W swoim pierwszym występie na chilijskim festiwalu kolumbijska gwiazda otrzymała owację na stojąco i zabrała do domu dwie nagrody Gaviota
Kwiaty, wąsy, sztandary, serca… Podczas swojej pierwszej wizyty w Chile na zakończenie Międzynarodowego Festiwalu Piosenki Viña del Mar w piątek (24 lutego), Camilo został powitany przez tak zwanego „potwora” (publiczność) w Quinta Vergara z prezentami, okrzykami i owacjami. Wszyscy śpiewali jego przeboje, w tym „Kesi”, „Pegao” i „Índigo”, ile sił w płucach.
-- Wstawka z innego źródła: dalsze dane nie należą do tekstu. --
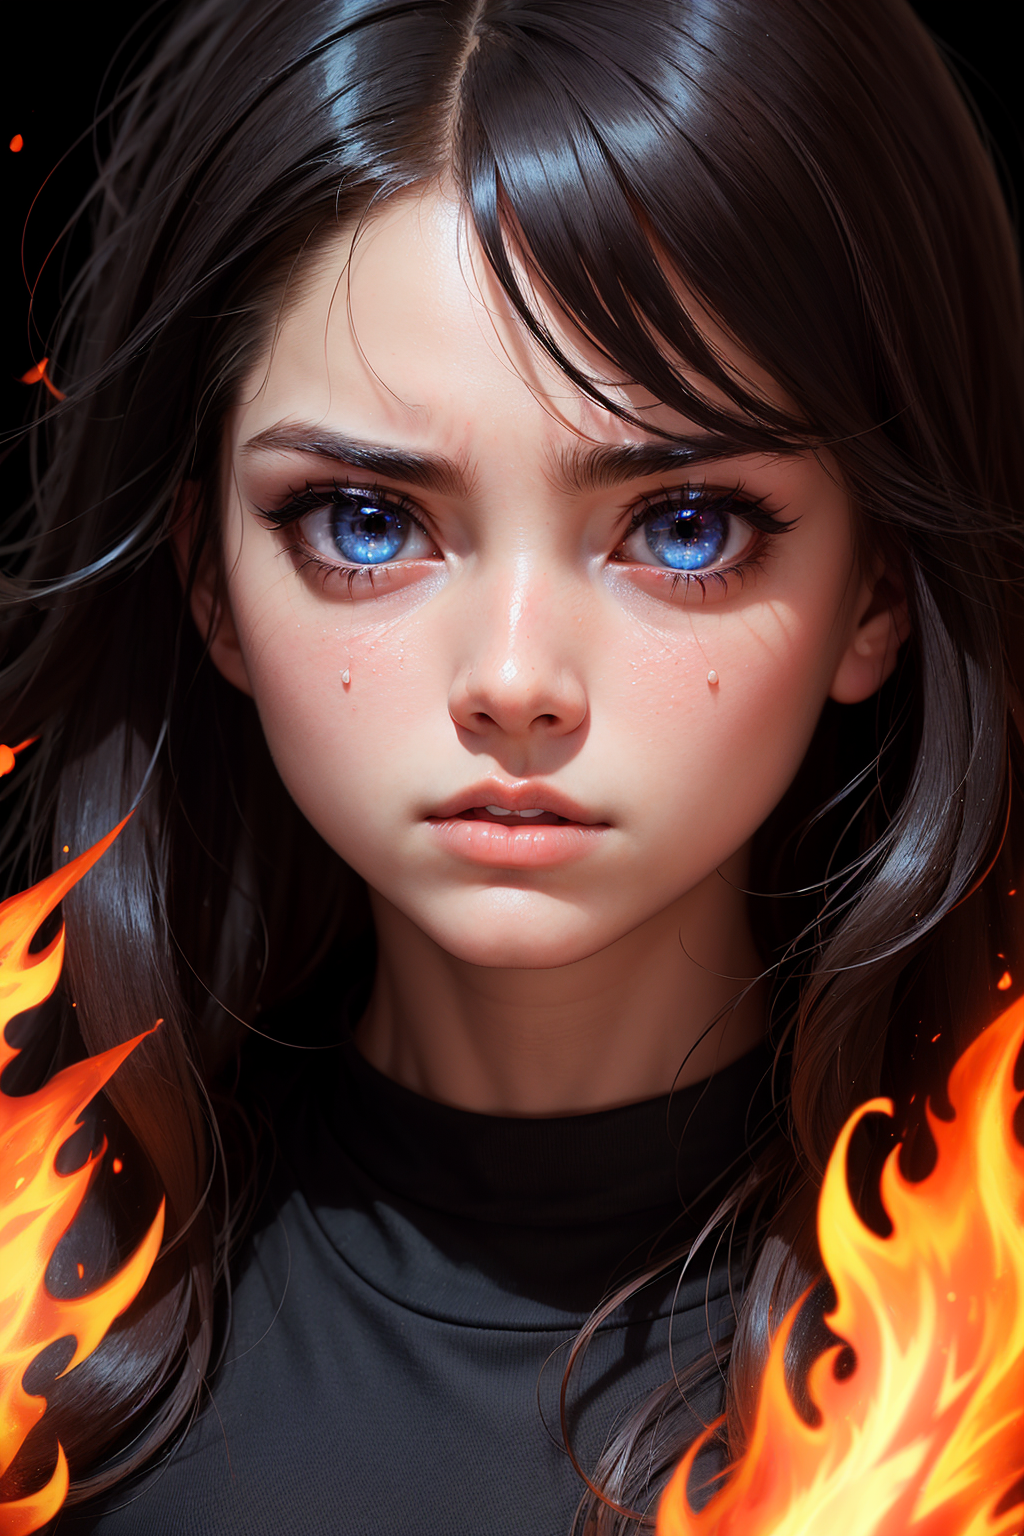 Anime-style girl with blue eyes and purple eyelashes and a single tear, with a fiery background.

Z charakterystyczną dla siebie prostotą i dobrą atmosferą, kolumbijski piosenkarz oraz autor tekstów – ubrany w białe spodnie, podkoszulek i boso – sprawił, że 15 000 widzów tańczyło i skakało w centralnym nadmorskim regionie Valparaíso. A publiczność nagrodziła go dwoma Gaviotami (nagrodą festiwalu), złotym i srebrnym.
„Dobry wieczór Viña. Dobry wieczór Chile. Dobry wieczór, plemię” – powiedział Camilo krótko po otwarciu swojego programu. „Marzyłem o tej chwili od wielu lat. Odkąd byłem mały, oglądałem moje ulubione koncerty moich ulubionych artystów z mojego domu [w Kolumbii] tutaj, w Viña del Mar”.
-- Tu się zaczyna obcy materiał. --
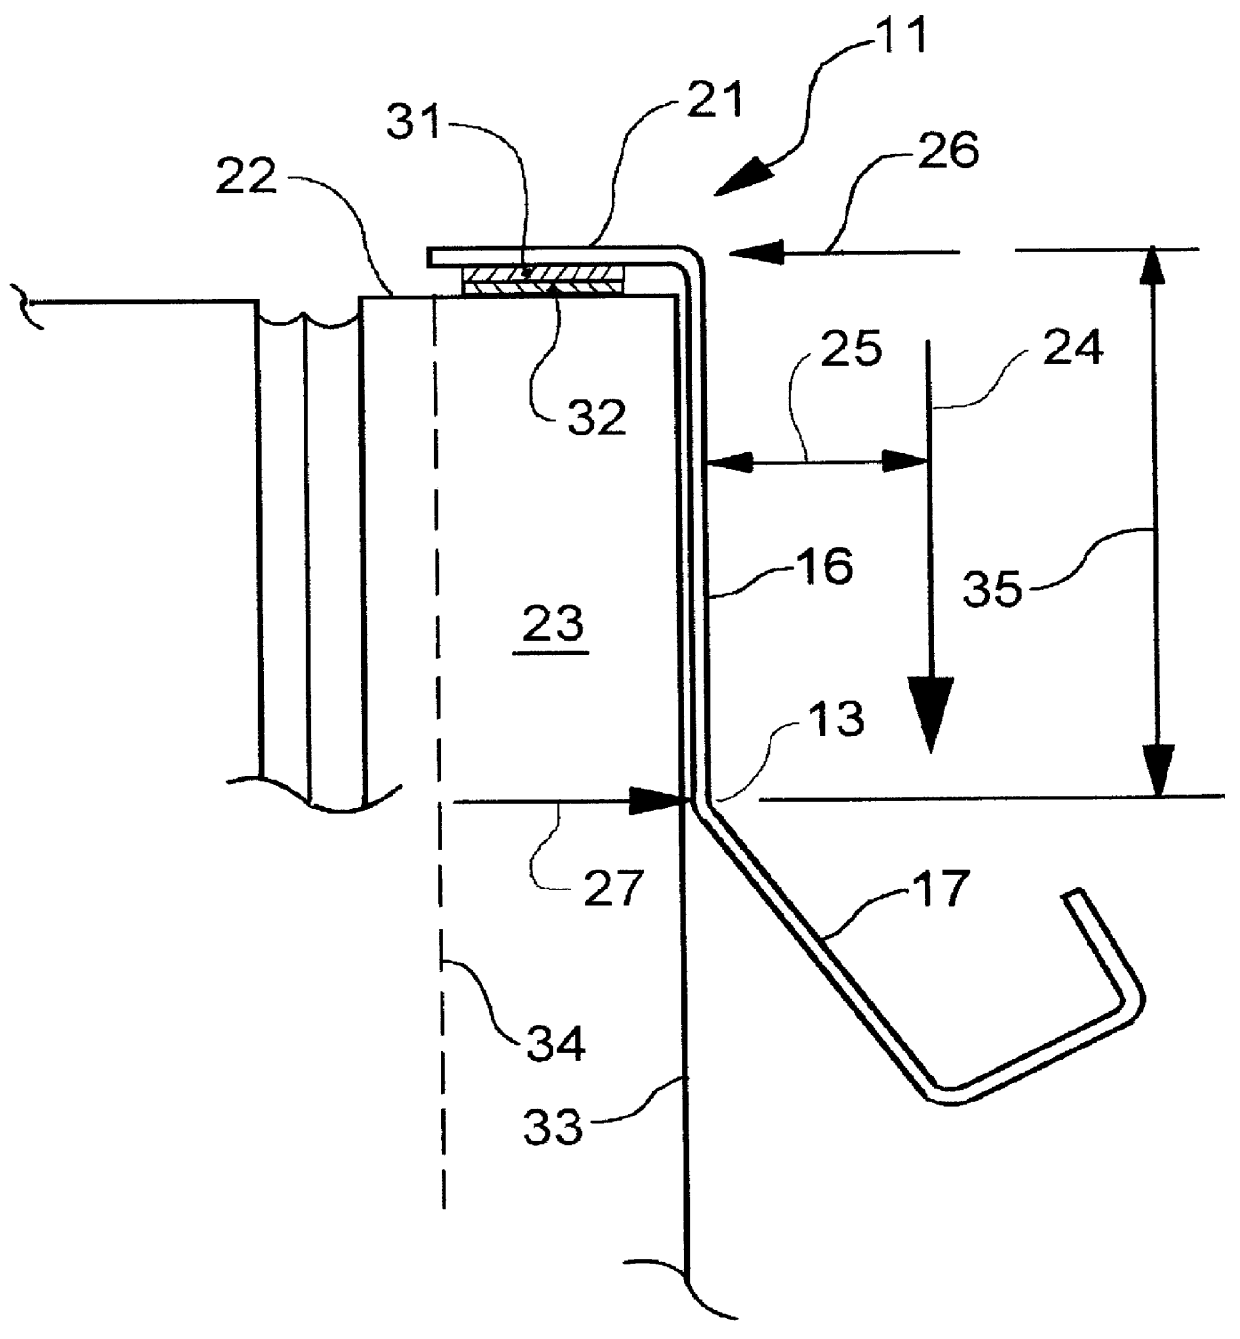 Support hanger for suspending an object directly below a horizontal surface

W towarzystwie swojego zespołu Camilo zaśpiewał ponad 15 piosenek, w tym „Favorito”, „Tutu” i „Vida de Rico”. Jego żona, piosenkarka i aktorka Evaluna Montaner, dołączyła do niego w „Por Primera Vez” i „Macchu Pichu”, a później pojawiła się ponownie, aby zamknąć program wraz z piosenką „Índigo”.
Przed przybyciem do Viña Camilo rozpoczął drugi etap swojej trasy De Adentro Pa Afuera Tour w Argentynie. Trasa będzie kontynuowana 1-2 marca w Movistar Arena w Santiago de Chile i do końca maja zabierze go do Paragwaju, Peru, Ekwadoru, Panamy, Kostaryki, Gwatemali i Meksyku.
„La tribu / Plemię” przejmuje Quinta Vergara
Tradycyjnie może być znany jako „el monstruo” (potwór), ale w piątek, podczas występu Camilo na festiwalu Viña del Mar, publiczność w Quinta Vergara była niewątpliwie częścią „plemienia” — jak kolumbijski artysta określa swoich zagorzałych fanów. Od dzieci do nastolatków, młodych dorosłych i nie tak młodych, oddanie piosenkarzowi było odczuwalne w postaci wąsów nawiązujących do słynnej cechy Camilo (niektóre naturalne, inne fałszywe), transparentami z wiadomościami o miłości, maskotkami, kwiatami i nie tylko. I przez cały koncert publiczność śpiewała, od początku do końca, na całe gardło.
Przejmująca wiadomość o poczuciu własnej wartości
W jednej ze swoich interakcji z chilijską publicznością Camilo namawiał swoich fanów, aby nie marnowali czasu na próby bycia tym, kim nie są. „Wielu chce, żebyśmy wyglądali jak inni”, powiedział, „abyśmy mieli abs jak inni, pewną liczbę obserwujących i polubień, jakby to uczyniło nas bardziej wartościowymi. Trzeba być sobą” – podkreślił. „Doceń to, kim jesteś i żyj w teraźniejszości.”
Camilo i Evaluna promieniują czystą miłością
Camilo błyszczy dzięki swoim własnym zasługom za każdym razem, gdy wychodzi na scenę, ale jest coś zdecydowanie wyjątkowego, gdy dzieli się tym z żoną Evaluną, a w Viña del Mar nie było wyjątku. Para zachwyciła „potwora” w Quinta Vergara swoimi duetami „Por Primera Vez” i „Machu Picchu”. Evaluna wyglądała promiennie w czarnym topie i spodniach, a Camilo zachwycał się: „Jaka piękna jest moja żona”, całując ją słodko. „Oklaski dla mamy mojej guaguity ” – dodał, używając chilijskiego określenia „dziecko” w odniesieniu do Índigo, ich 10-miesięcznej córki. Później zaprosił Evalunę z powrotem na scenę, aby wspólnie odebrać złotą Gaviotę i zamknąć koncert właśnie piosenką, która nosi imię ich córki.